When the Prince William Health District made its first appeal for vaccination volunteers in December, the response was good. About 15 licensed health professionals within the office of the 100 employees signed up. All three of the health district’s doctors also agreed to be vaccinated.

“Some people were ready to make the decision [quickly],” Crosby said. “Others wanted to talk to their doctors first.”

Health officials expect more will agree to participate when the next request is made.

Florance said he is confident that they will have enough vaccinated volunteers to be adequately prepared in the case of a smallpox event.

“Absolutely,” Florance said. “We have enough volunteers every time we ask for them,” he said.

Those considering the vaccination listen to a presentation about the benefits, the protection it provides as well as the risks involved. Printed material, video and satellite broadcast of state-produced programming on the subject also are available.

“All of our staff have had an opportunity [to learn about the vaccine,]” Florance said.

This same information is being made available to Prince William and Potomac hospitals.

“We are now in the process of offering an information session for potential volunteers on the [risk factors], potential adverse reactions and necessary care of the vaccination site,” said Claye Avera, infection control practitioner at Prince William Hospital. “We have asked appropriate staff to volunteer.

Potomac Hospital is doing the same.

“We have had some people volunteer and we anticipate a great deal more will volunteer,” said Suzanne Davis, director of employee health and epidemiology at Potomac Hospital.

“Some [potential] volunteers are waiting for more information and I don’t blame them,” Davis said. “There is risk involved.”

The request for volunteers at the hospital goes beyond that of just doctors and nurses.

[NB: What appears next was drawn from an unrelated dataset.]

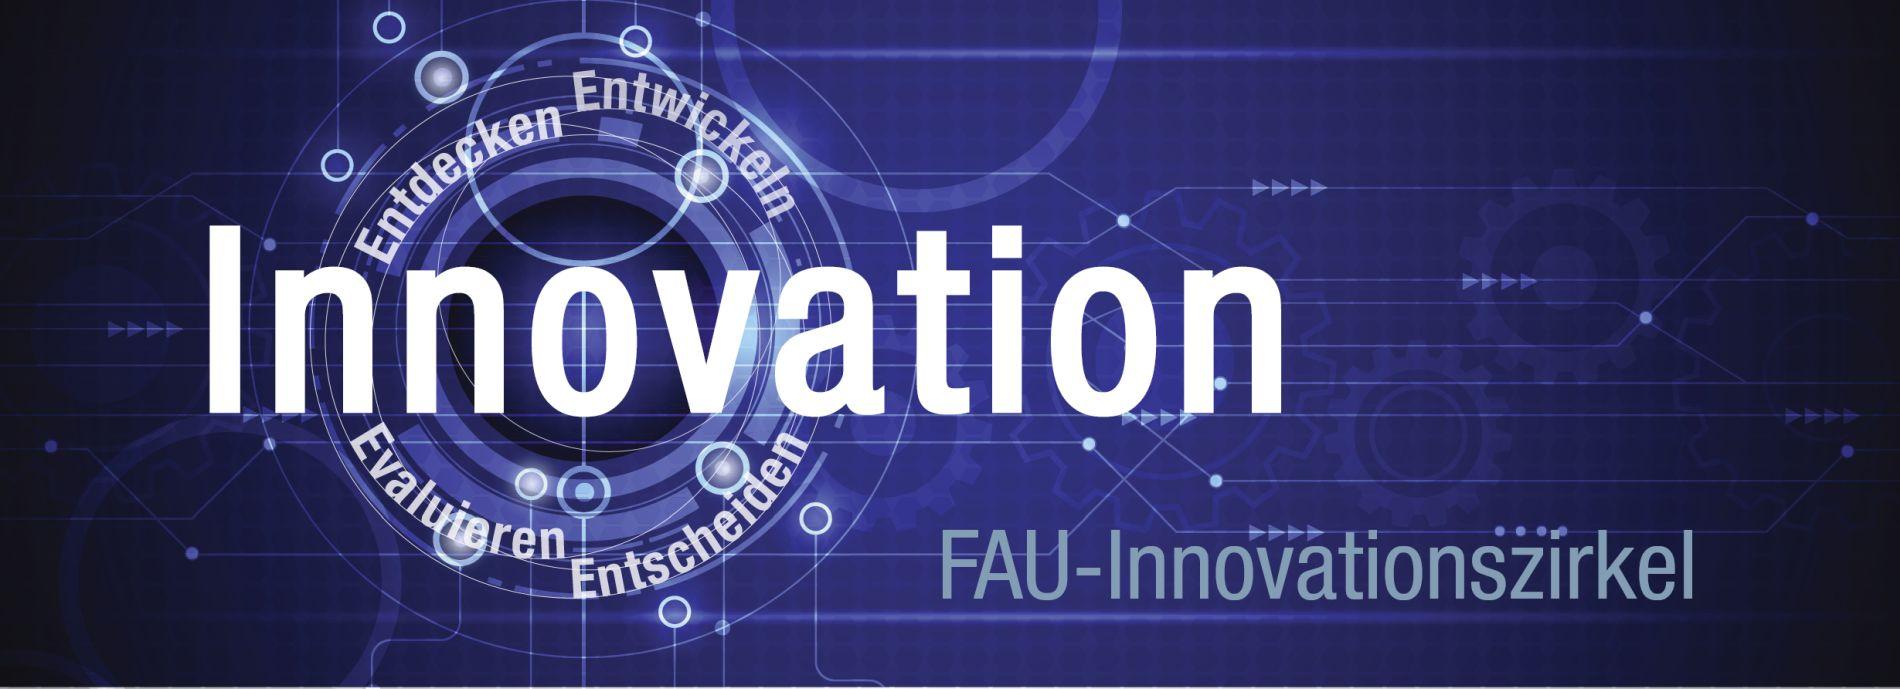 Innovationszyklus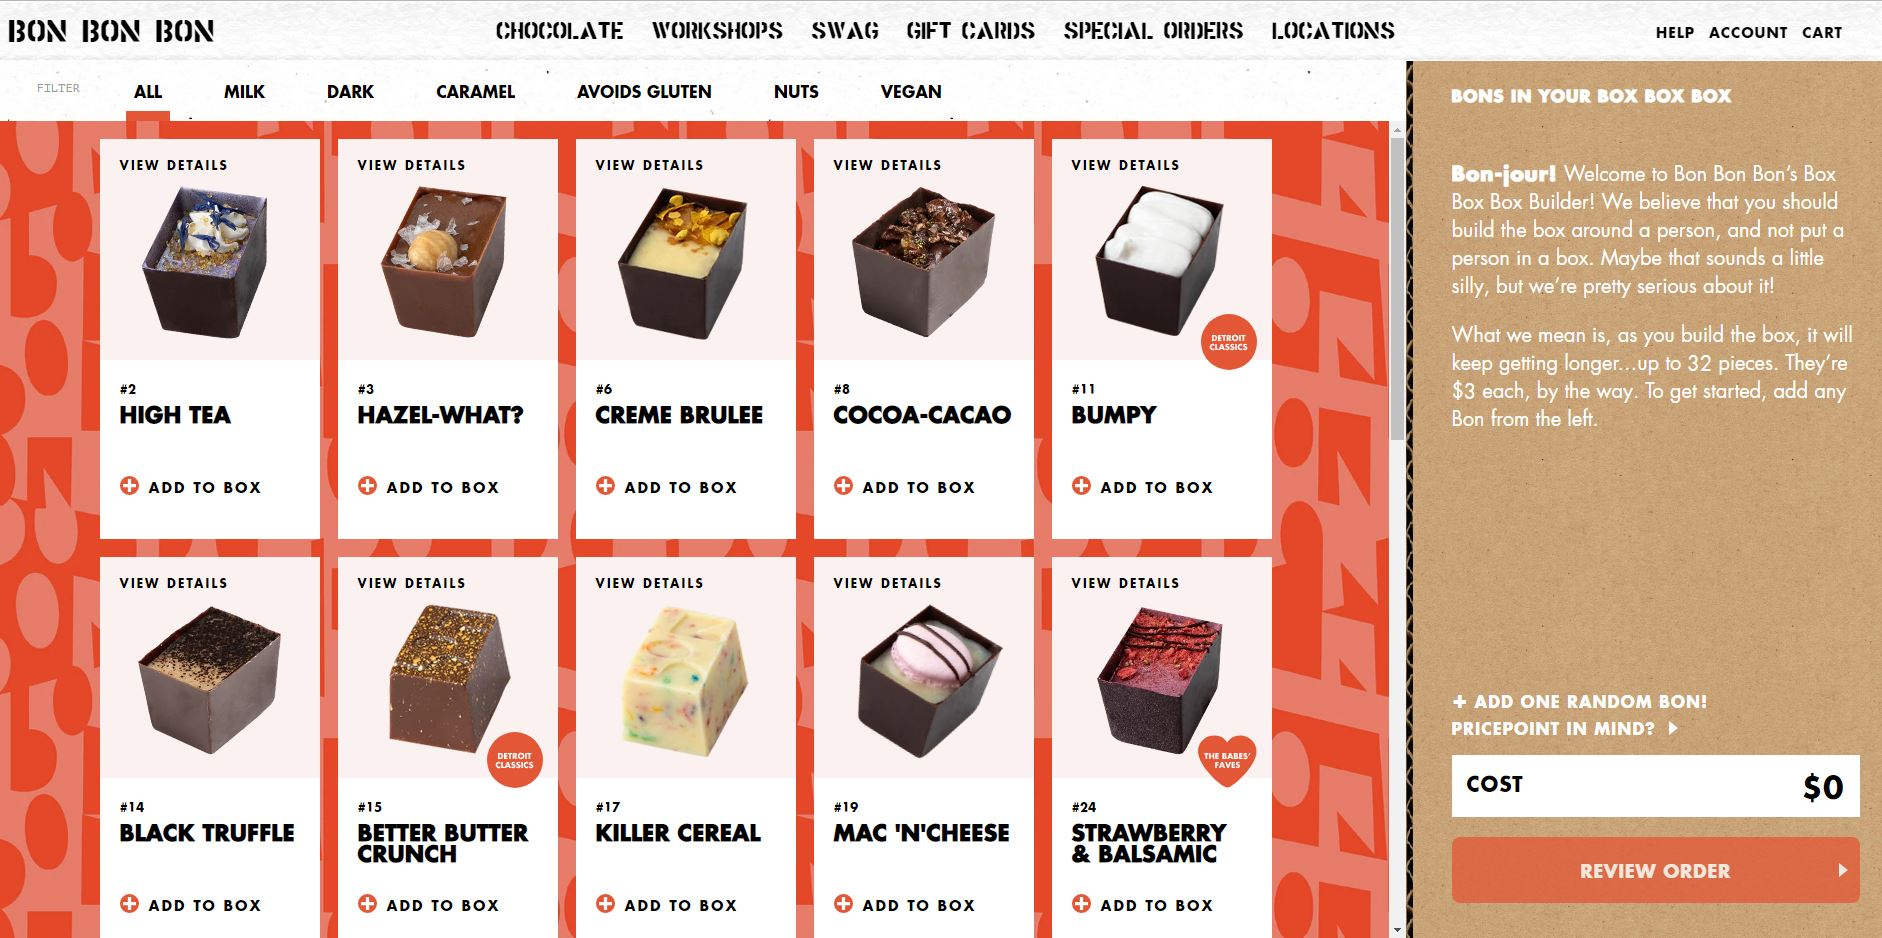 bonbonbon beste webshops

In the event of a smallpox attack, the hospital would have to continue to function, so radiology technicians, respiratory therapists, admissions staff, emergency room personnel, housekeeping and security officers are among those who will be asked to volunteer.

The smallpox vaccine does not contain the smallpox virus and cannot give the recipient smallpox. The smallpox vaccine contains a live “pox” virus that is related to smallpox and helps the body develop immunities.